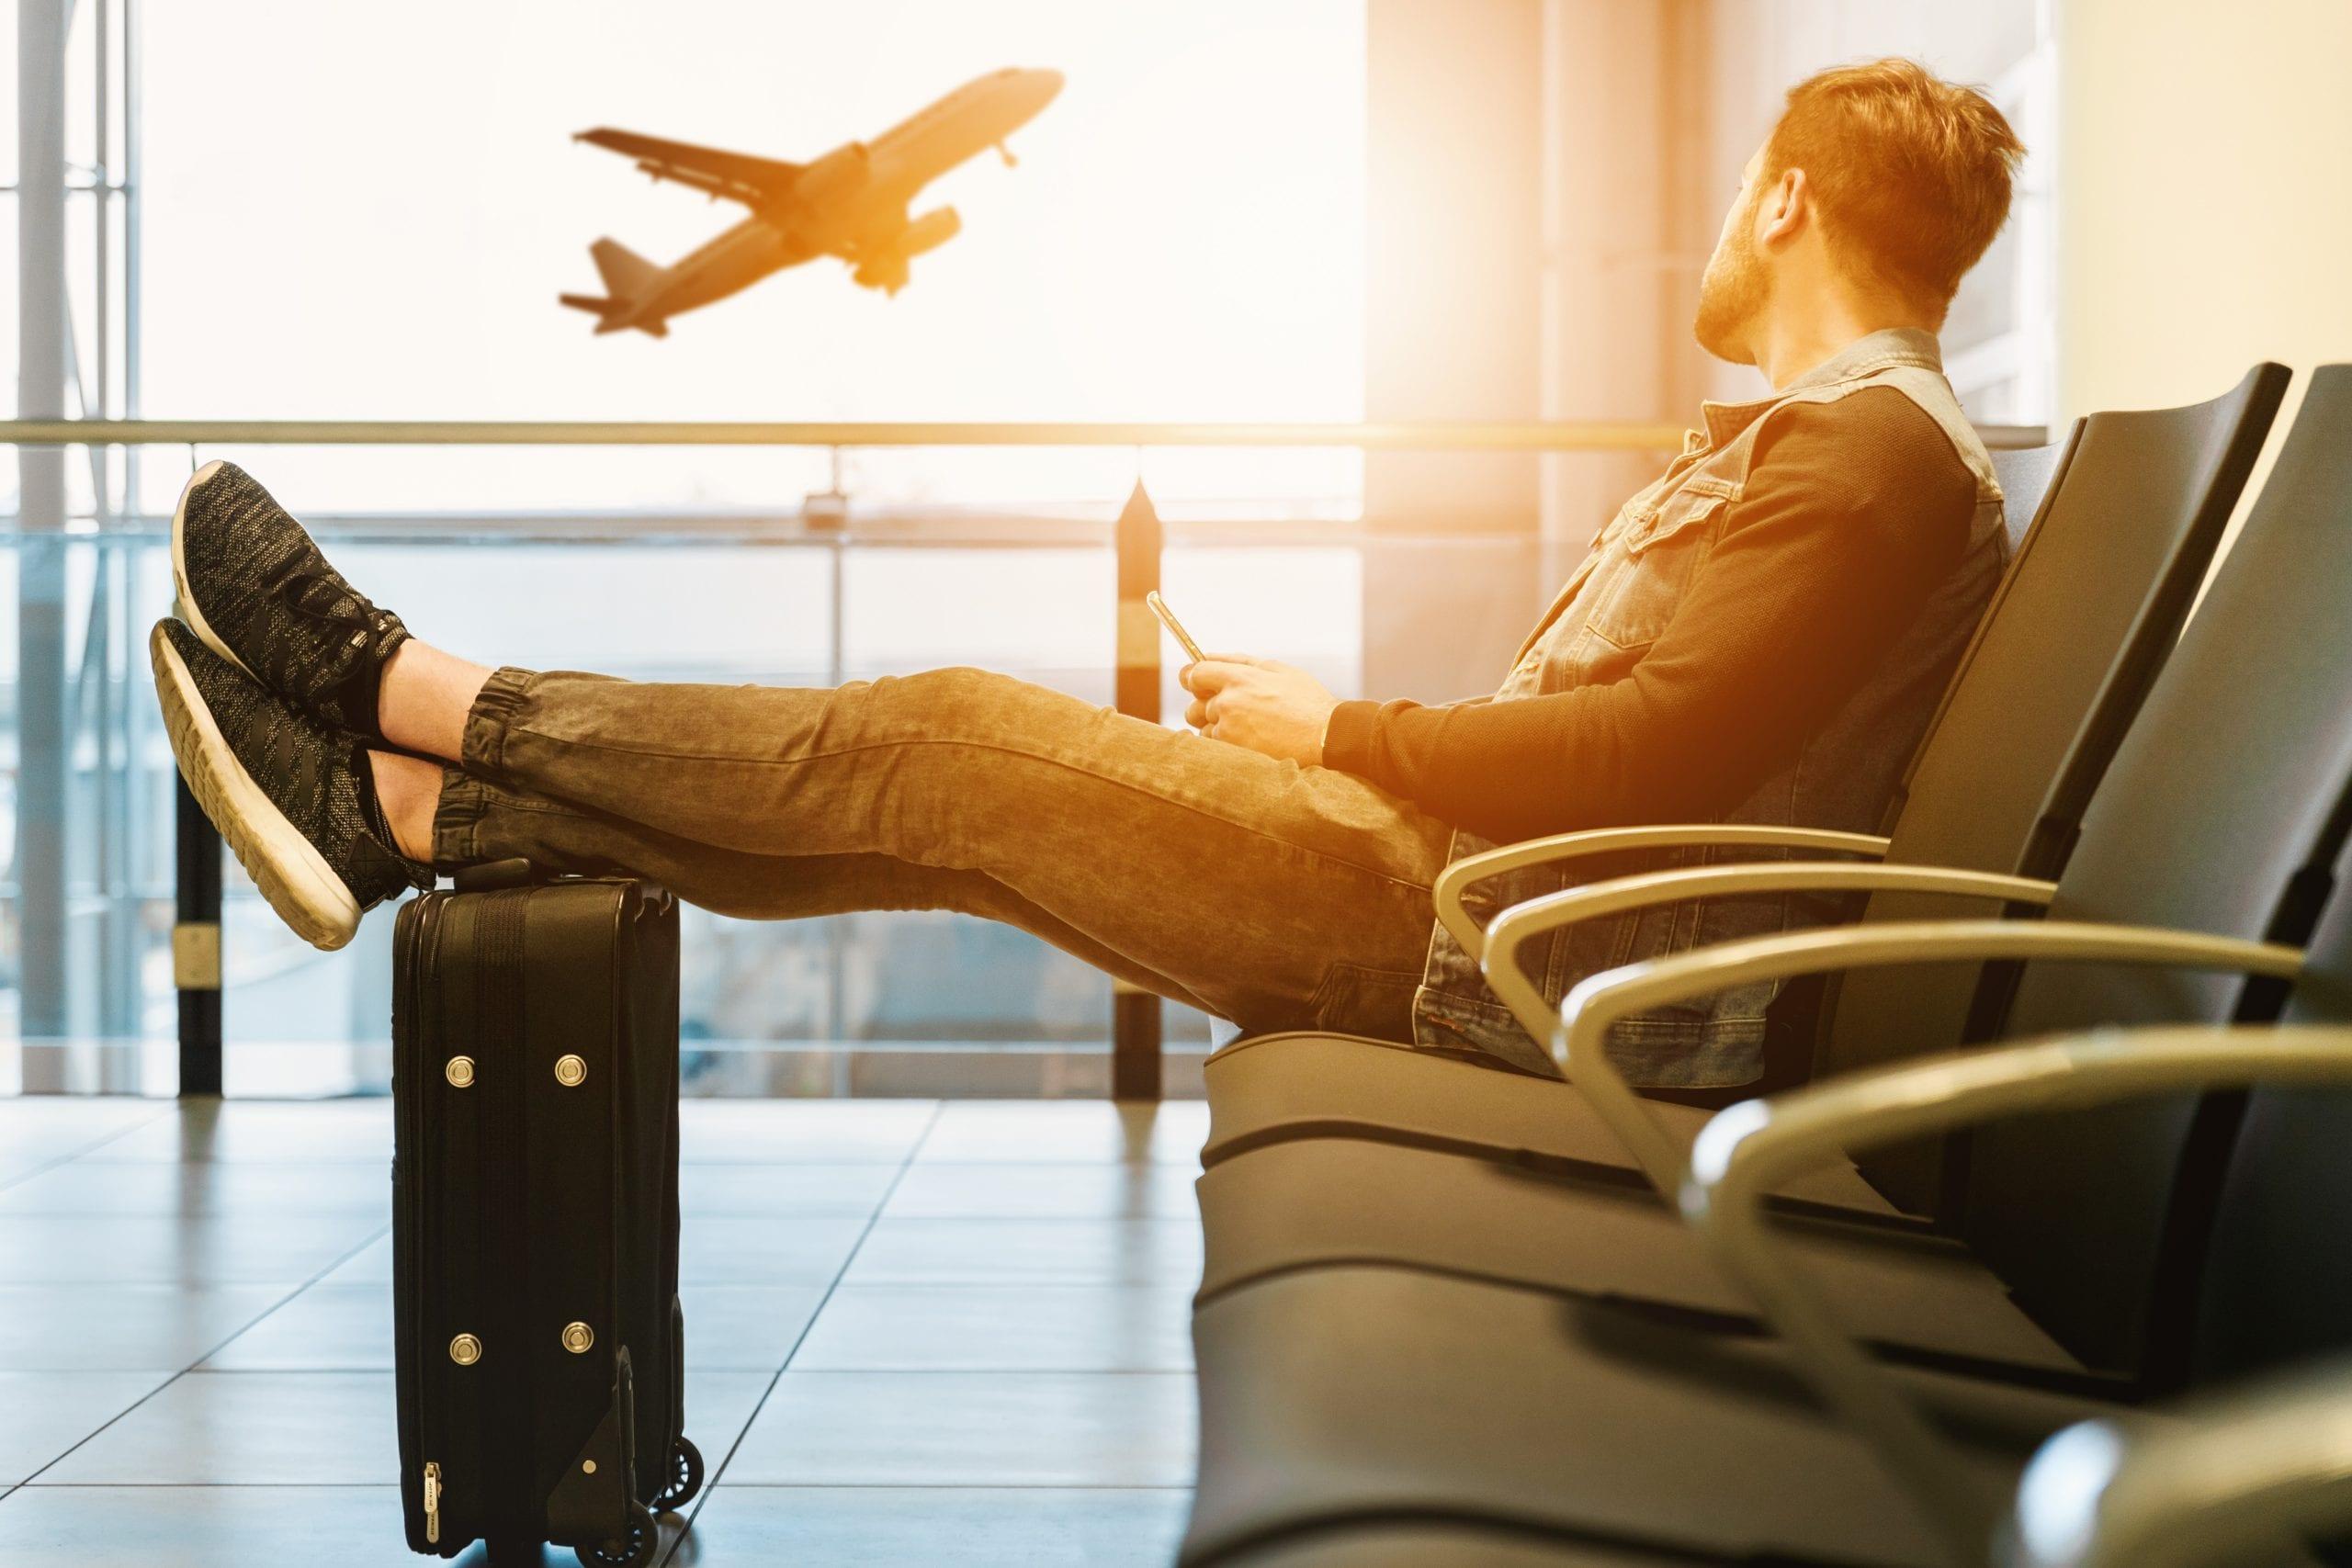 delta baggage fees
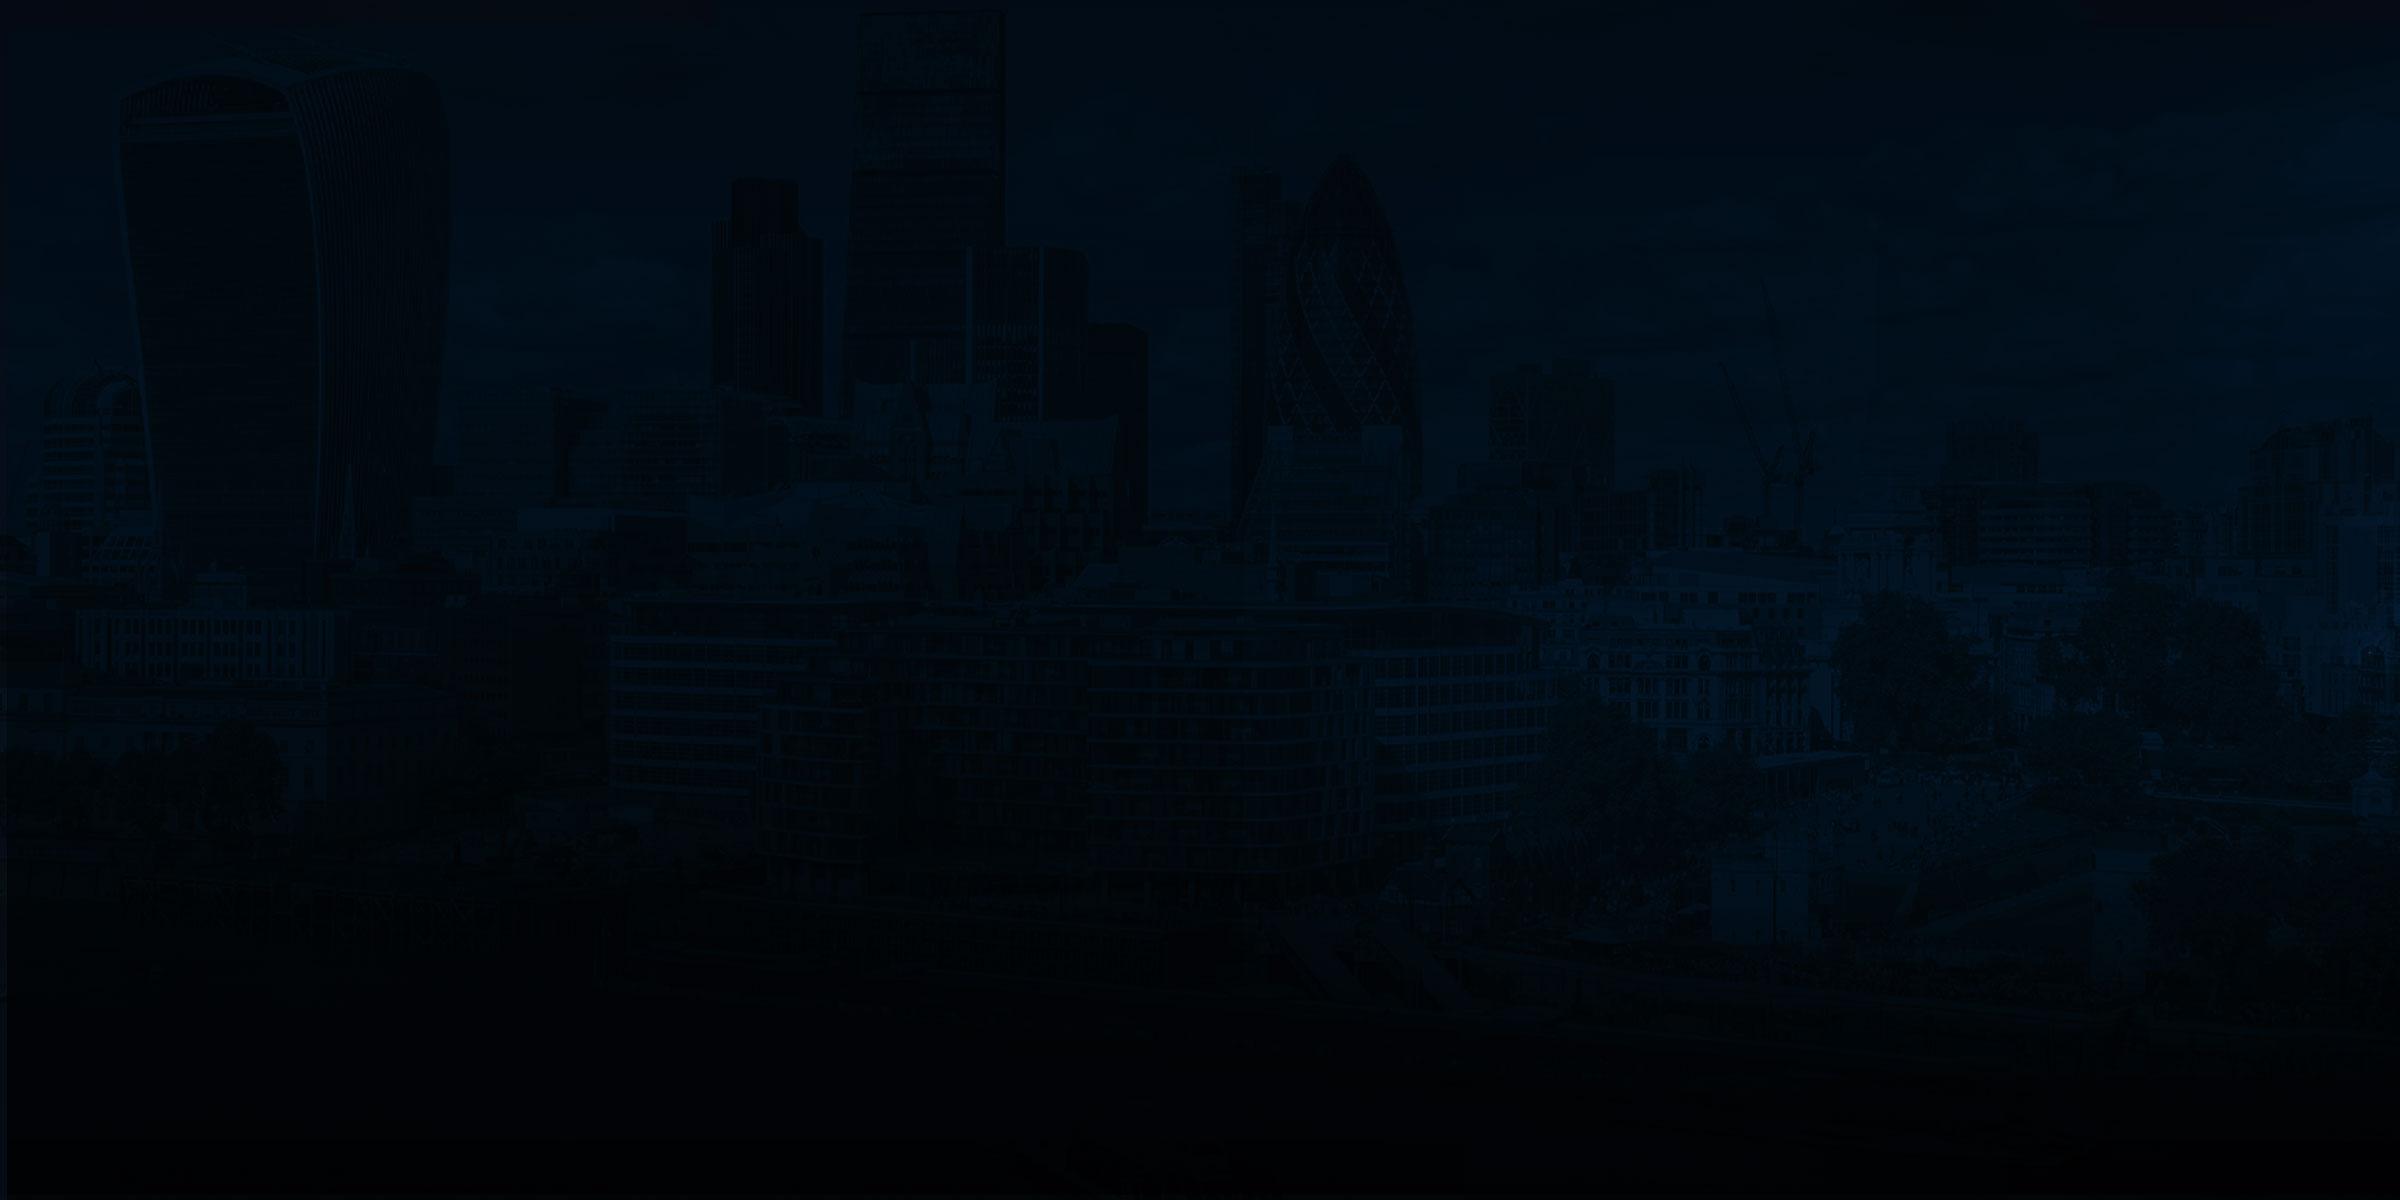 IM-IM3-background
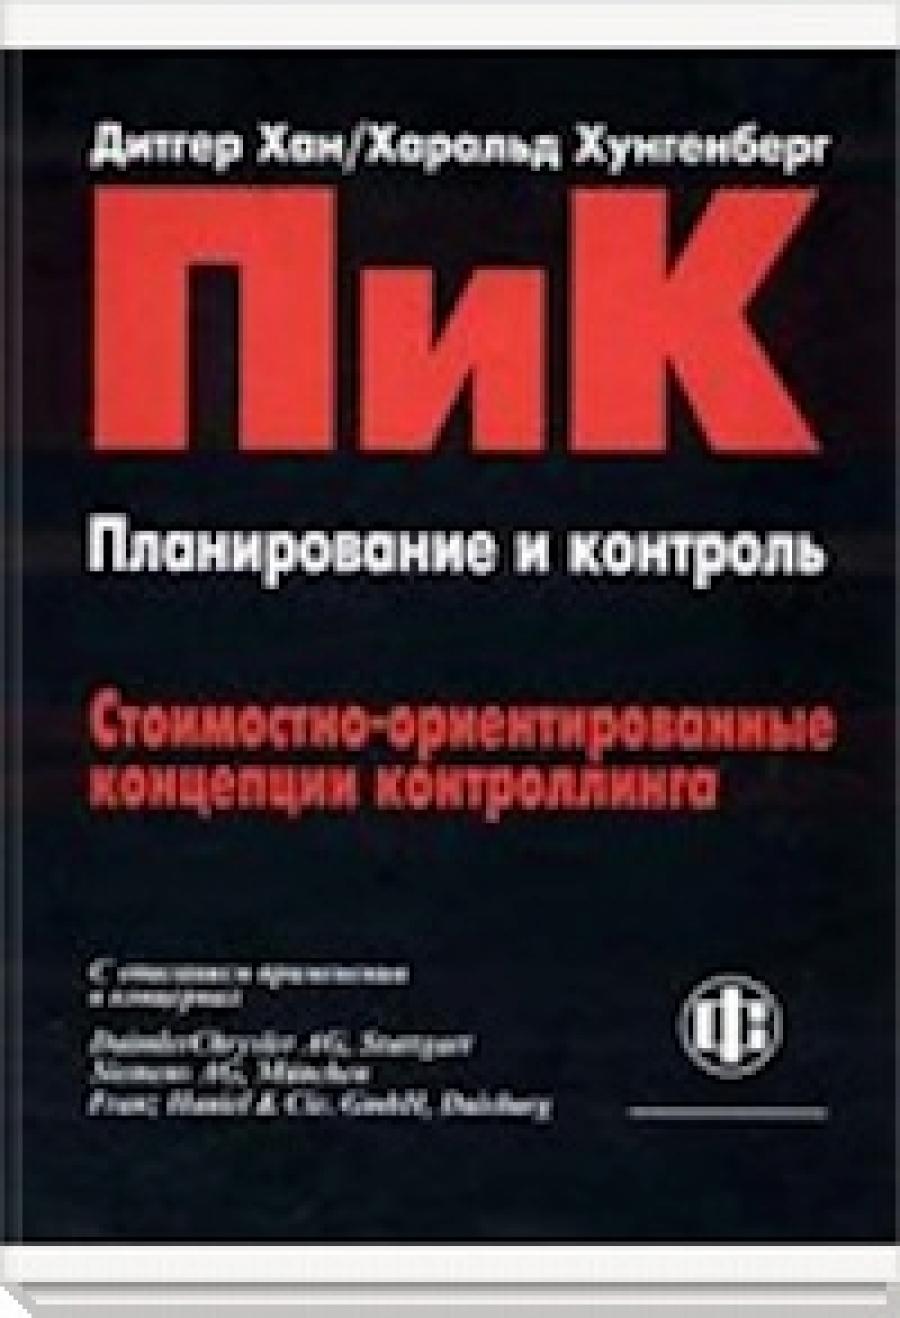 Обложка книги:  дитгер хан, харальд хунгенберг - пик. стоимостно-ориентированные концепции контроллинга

__________________________________________________

WHAT IS EXPECTED:
Write the data above out exactly. Leave out any pictures.

YOUR RESPONSE:
 delta baggage fees
 IM-IM3-background
 Обложка книги:  дитгер хан, харальд хунгенберг - пик. стоимостно-ориентированные концепции контроллинга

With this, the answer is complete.